╔══

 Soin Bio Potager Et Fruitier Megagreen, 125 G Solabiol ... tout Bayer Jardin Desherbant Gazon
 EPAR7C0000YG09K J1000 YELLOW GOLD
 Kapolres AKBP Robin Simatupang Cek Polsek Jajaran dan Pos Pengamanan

╚══
╔══

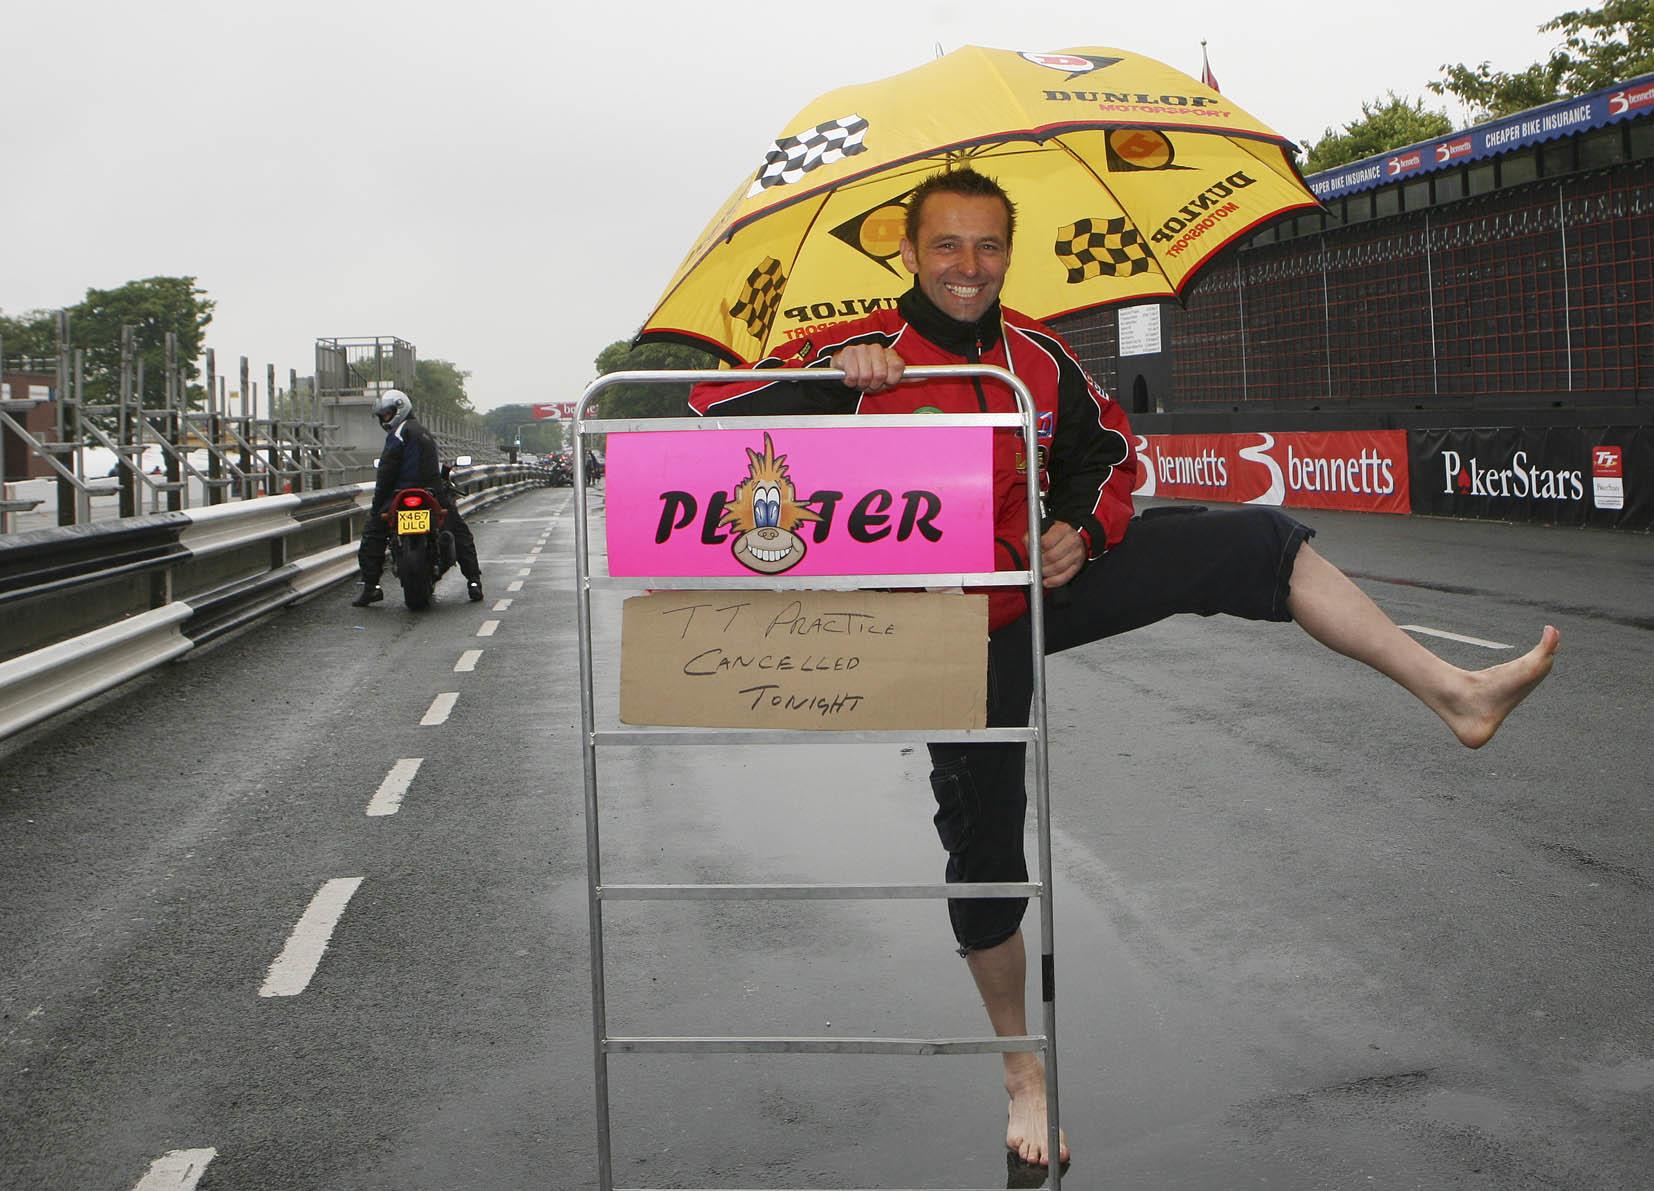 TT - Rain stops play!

╚══

-- WORK INSTRUCTIONS --
Using the data above, extract exactly the lines from the one that holds "Soin Bio Potager" to the one that holds "Kapolres AKBP Robin", both ends included, and no others.

-- REPLY --
 Soin Bio Potager Et Fruitier Megagreen, 125 G Solabiol ... tout Bayer Jardin Desherbant Gazon
 EPAR7C0000YG09K J1000 YELLOW GOLD
 Kapolres AKBP Robin Simatupang Cek Polsek Jajaran dan Pos Pengamanan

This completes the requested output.